* What to work on
Wherever a picture appears in the data below, omit it, and restate everything else word for word.

* Data below
________________________
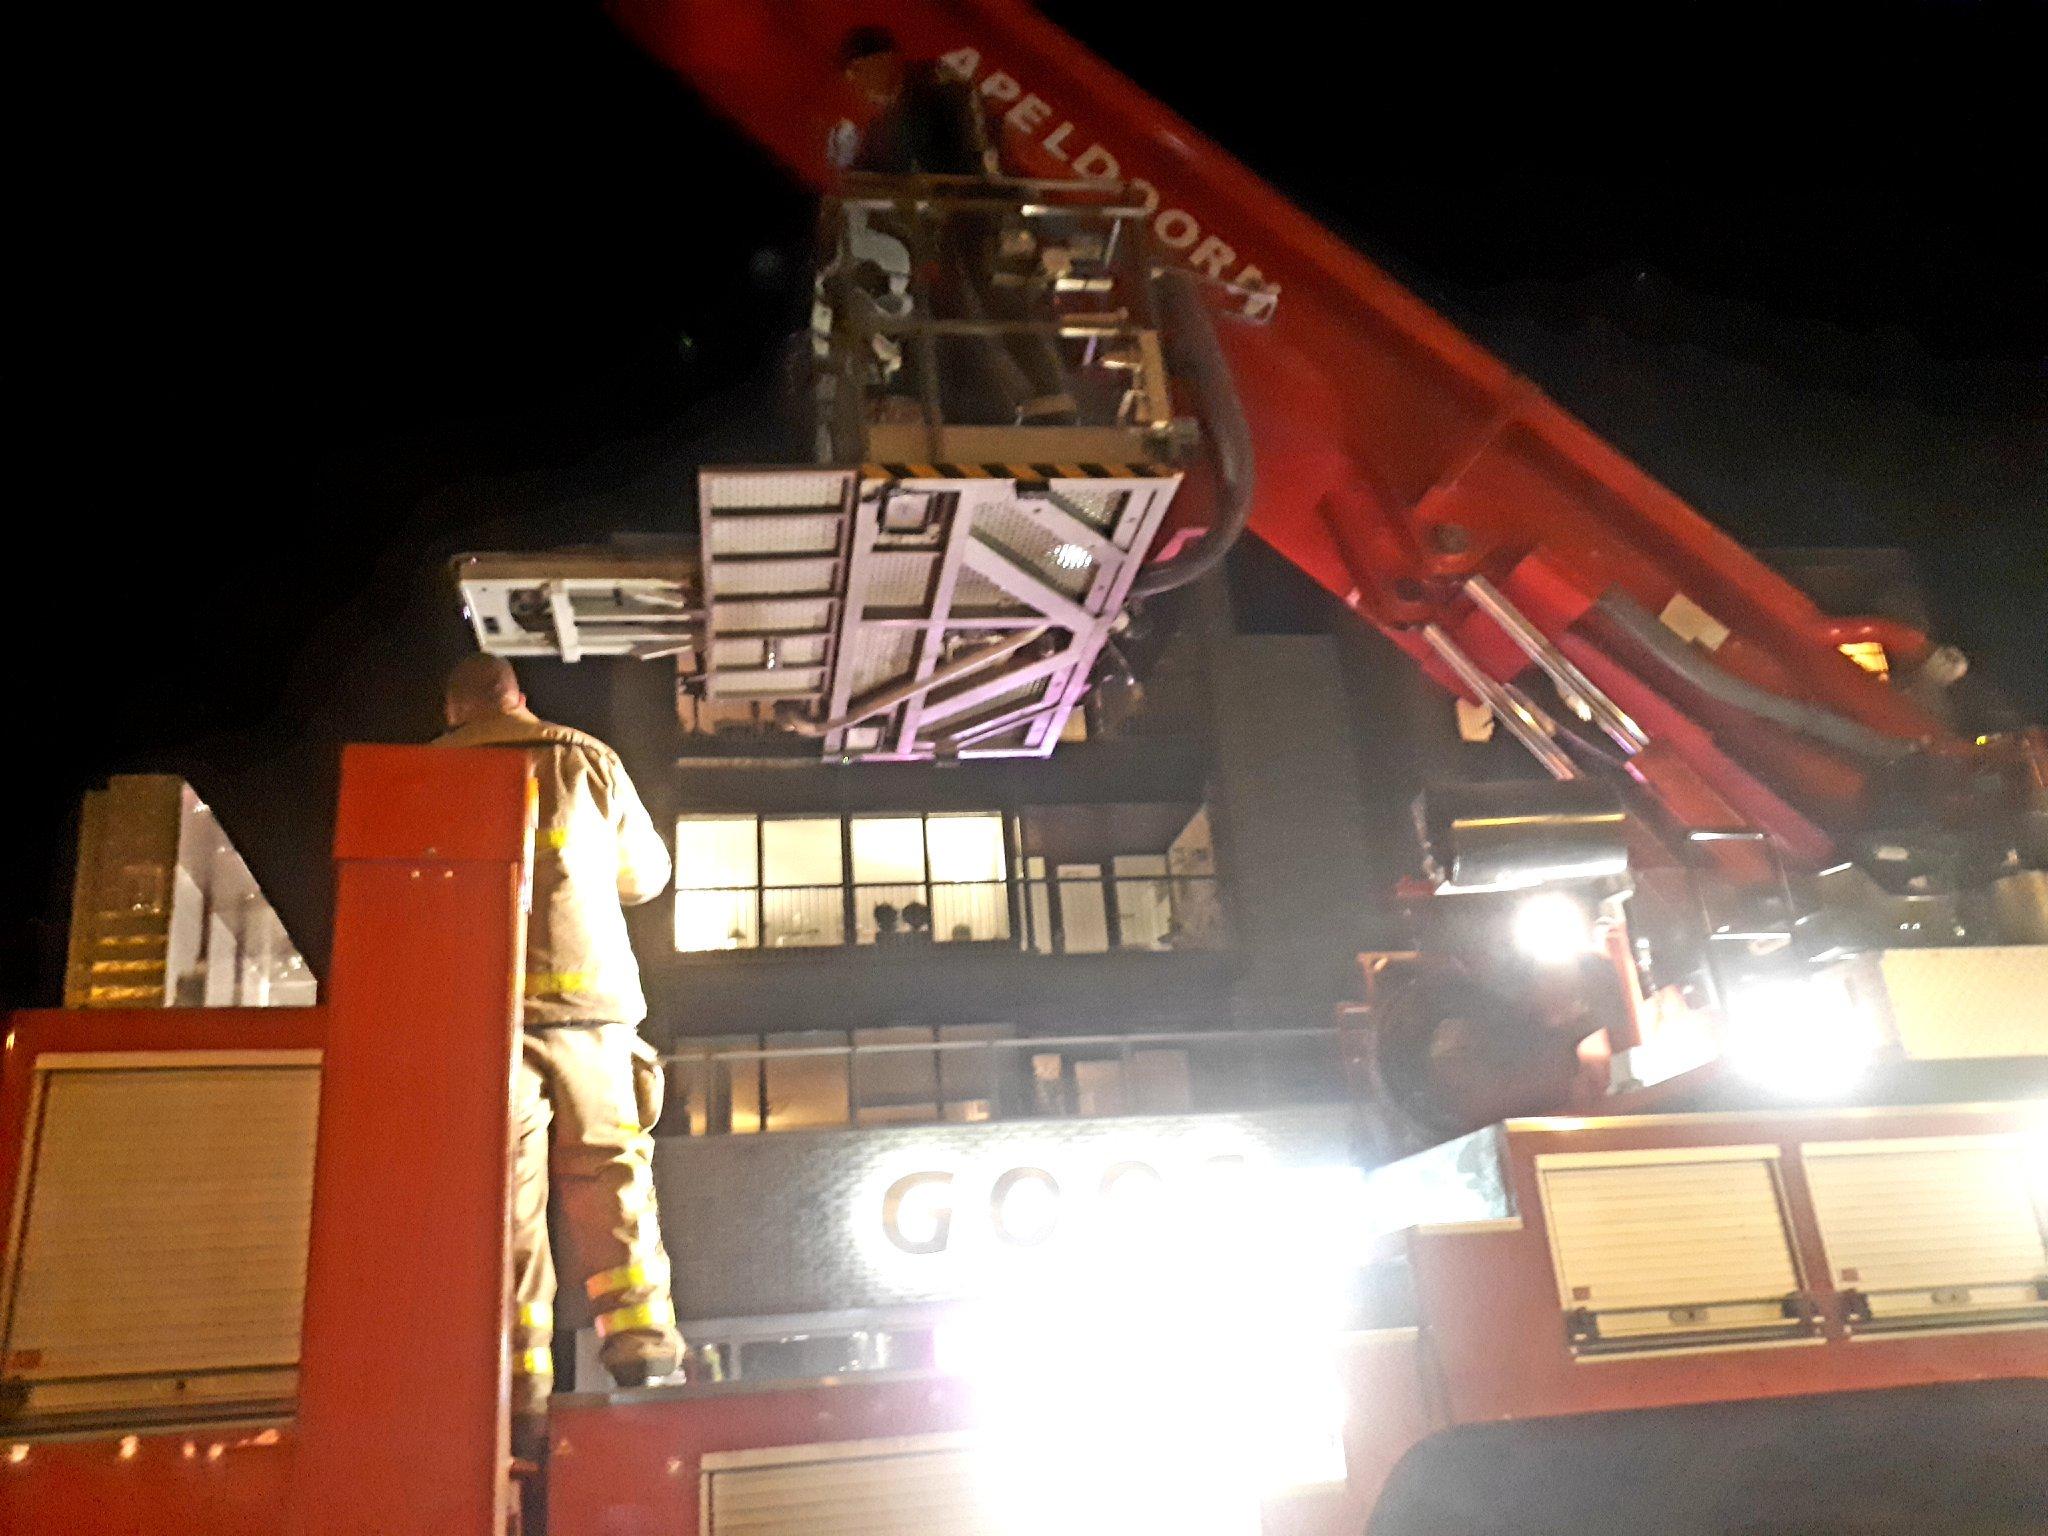 Brandweer verricht assistentie bij Ambulance met persoon. Oud veldzichtlaan #Apeldoorn  @BrandweerBbg @BrwApeldoorn https://t.co/tfHpbO9V6d
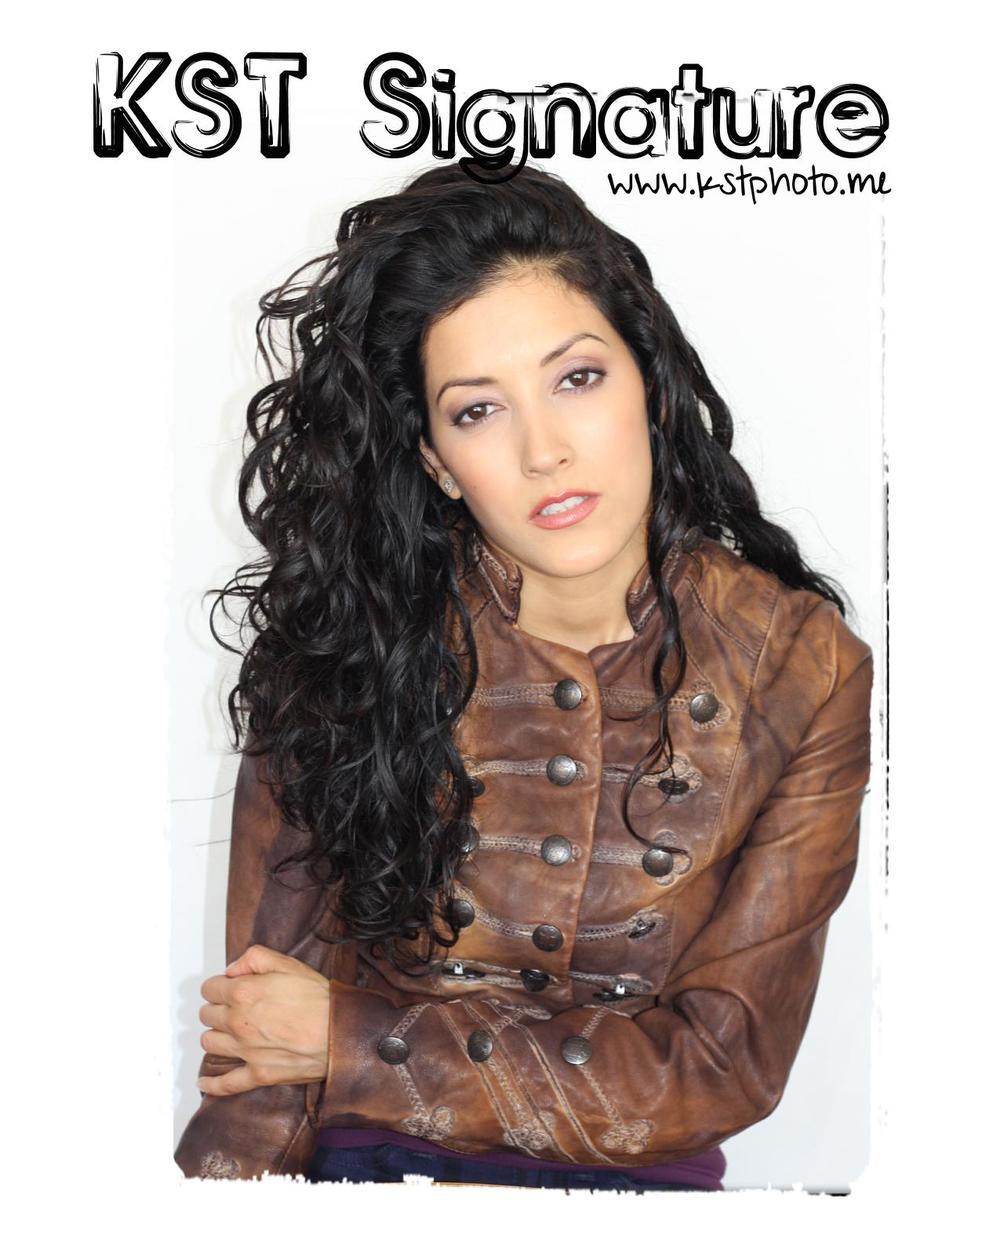 Model / Actress Pamela Marie for KST
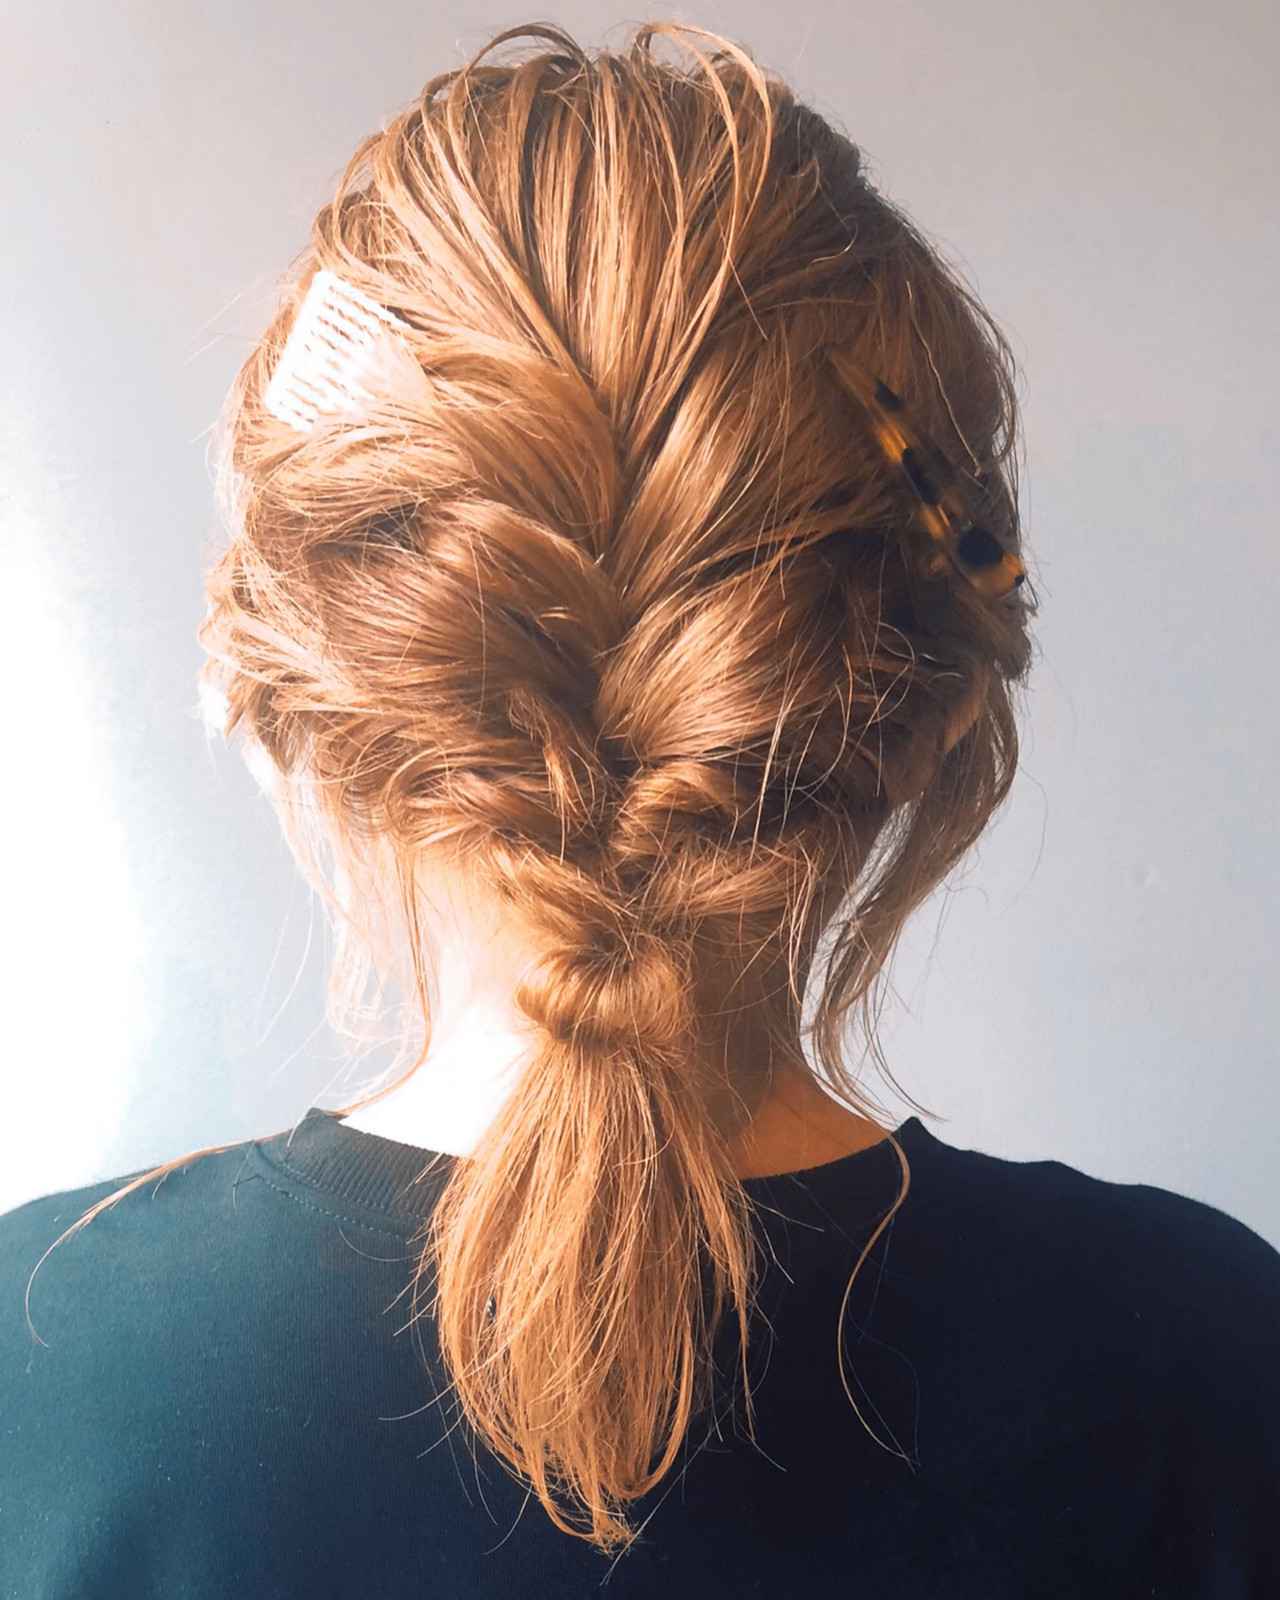 ミディアム 透明感カラー フェミニン 簡単ヘアアレンジ ヘアスタイルや髪型の写真・画像
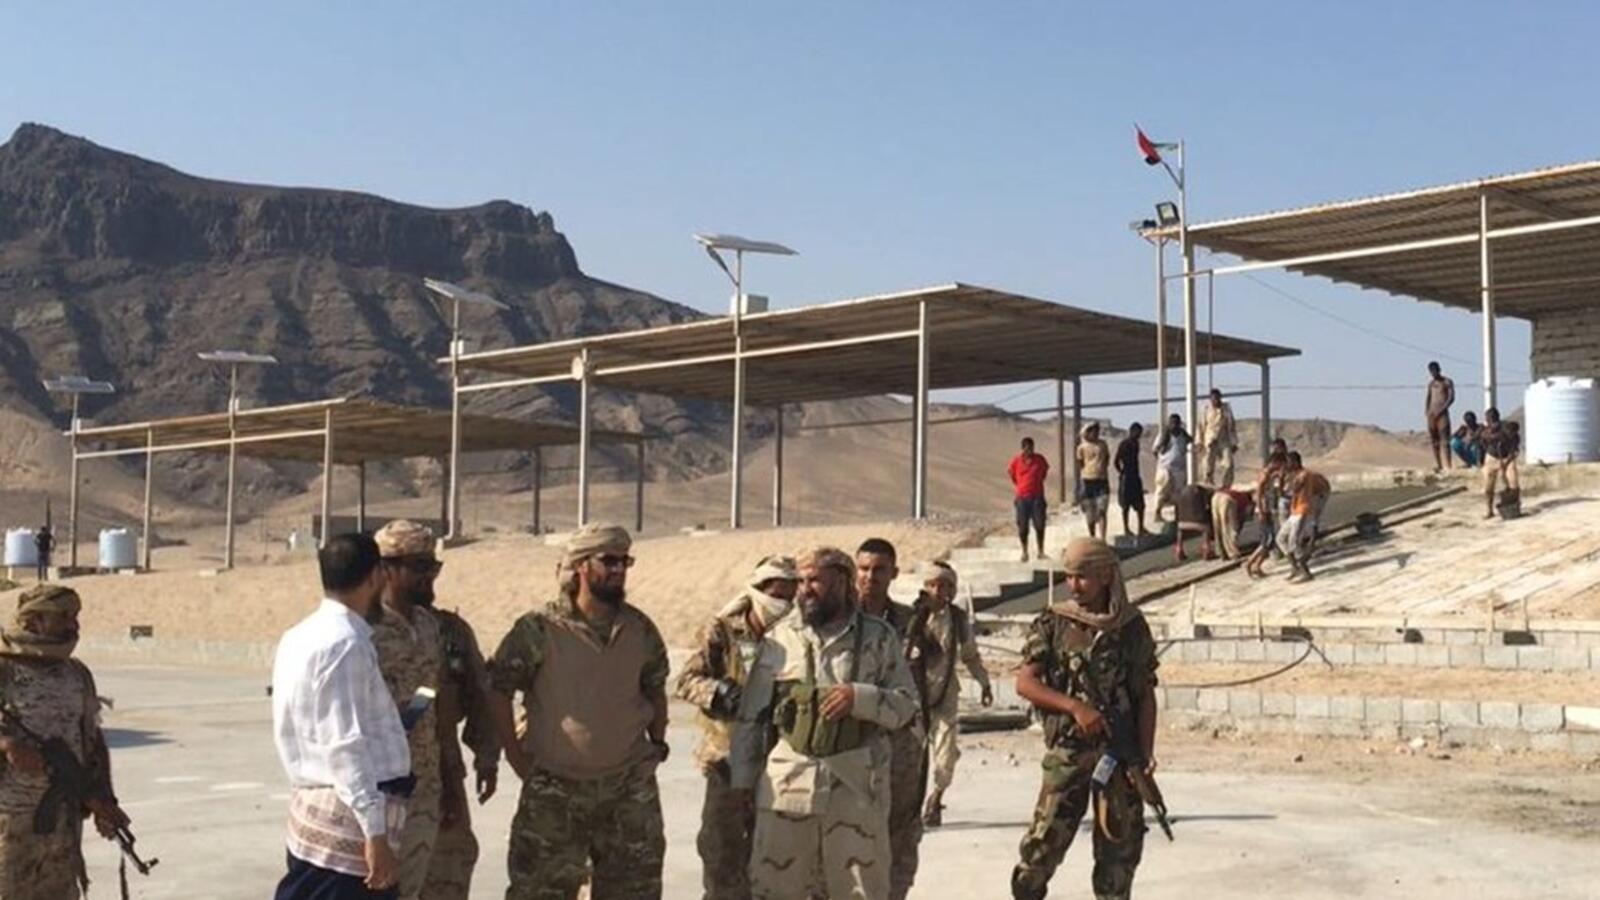 حاكم سقطرى اليمنية يجدد رفضه إنشاء حزام أمني في الجزيرة
________________________
* Response to the task
 Brandweer verricht assistentie bij Ambulance met persoon. Oud veldzichtlaan #Apeldoorn  @BrandweerBbg @BrwApeldoorn https://t.co/tfHpbO9V6d
 Model / Actress Pamela Marie for KST
 ミディアム 透明感カラー フェミニン 簡単ヘアアレンジ ヘアスタイルや髪型の写真・画像
 حاكم سقطرى اليمنية يجدد رفضه إنشاء حزام أمني في الجزيرة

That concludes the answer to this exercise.